Binary dependencies on Linux

Continuing the discussion from [PITCH] Support for binary dependencies:

As discussed in that thread, shipping binary dependencies on Linux is not very easy. However, given the desire of SwiftPM to keep a simple build system it is probably still something we want to do, as there will be many C/C++ libraries that are not capable of being forced into the shape that SwiftPM wants them to be in to compile.

The best route for an interested party to go down is probably to borrow the hard work of the Python community in terms of manylinux. This was an attempt to define a restrictive subset of the Linux platform that can be safely used as a baseline for shipping compiled dependencies.

The current state of the art for manylinux is the manylinux2010 variant, defined here. Even this very conservative target is probably not sufficient for us, as it uses CentOS 6 as its baseline Linux, which I am not certain Swift currently supports.

For a detailed analysis of manylinux I will refer you all to the PEPs linked above, but here's a rough summary. manylinux notes that the only way to produce binary packages that are truly portable across multiple Linuxes is to restrict the number of binaries you link to to a tiny set that have a stable ABI across a wide range of Linux versions. To get this range to be acceptably wide you end up having a very restrictive environment. As of manylinux2010 you may link the following libraries at these specific SONAMEs:

As some additional limitations, you may only ship binaries compiled for the two architectures supported by CentOS 6: x86_64 and i686, and for libraries with versioned symbols there is a restricted maximum version you may use.

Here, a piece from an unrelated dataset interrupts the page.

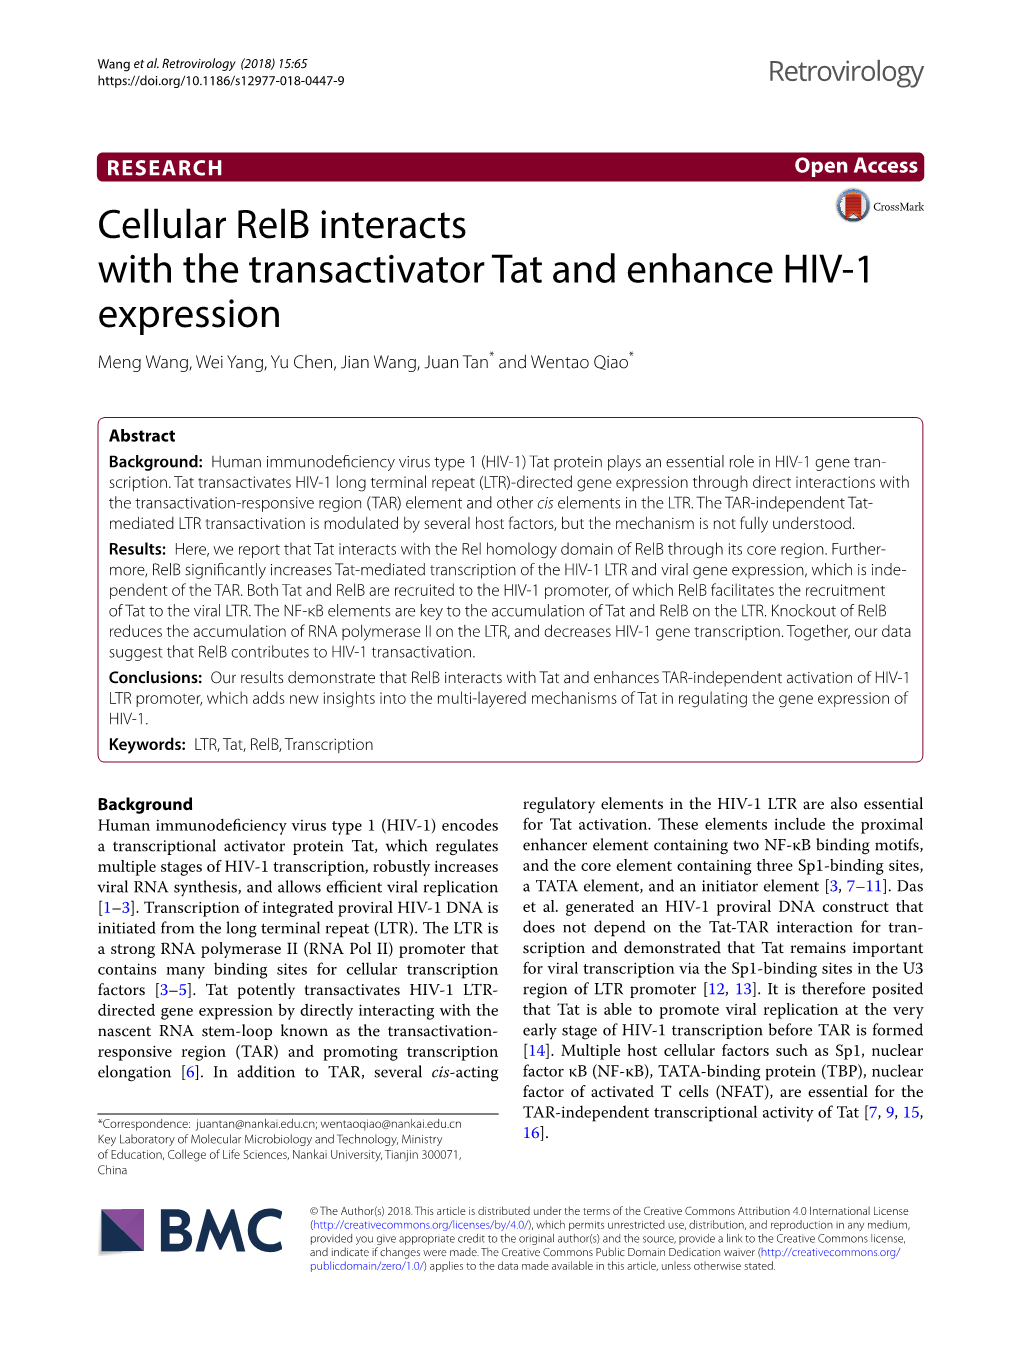 Cellular Relb Interacts with the Transactivator Tat and Enhance HIV‑1 Expression Meng Wang, Wei Yang, Yu Chen, Jian Wang, Juan Tan* and Wentao Qiao*

Naturally, this may appear to the Swift community to be a really quite extremely restrictive environment. It intentionally is. In principle we as a community could define a slightly less restrictive one, but in practice it would be very hard to do so in a meaningful way.

An added source of difficulty here is that Swift is pretty happy to link a wide range of libraries itself. Those libraries become something that a manylinux-type distributed binary cannot include within itself, as there is a risk of symbol clash leading to subtle breakage. We would, as a community, need to address how we handle the ABIs for those dependencies as well, or whether it is even possible for binary packages on Linux to use them.

Regardless, if we want to support binary packages in Linux without being extremely fine-grained about how we advertise their supported platforms, this appears to be the only possible strategy.


This is libgcc - which may be substituted with LLVM's compiler-rt equivalent: clang_rt.builtins-*.

This is not standalone. This needs an underlying ABI library. This can be replaced with STLport, LLVM's libc++, or Dinkumware’s implementation (there are others as well). This must also match what the standard library is built against.

These are part of the C library and come from different components. There is no requirement that the math library be split up (so libm is optional). IIRC FreeBSD does this (consider Gentoo/FreeBSD). libdl is similar, and is not needed for dynamic symbol resolution. librt is an extension IIRC, and not always available. This set must again match with the standard library.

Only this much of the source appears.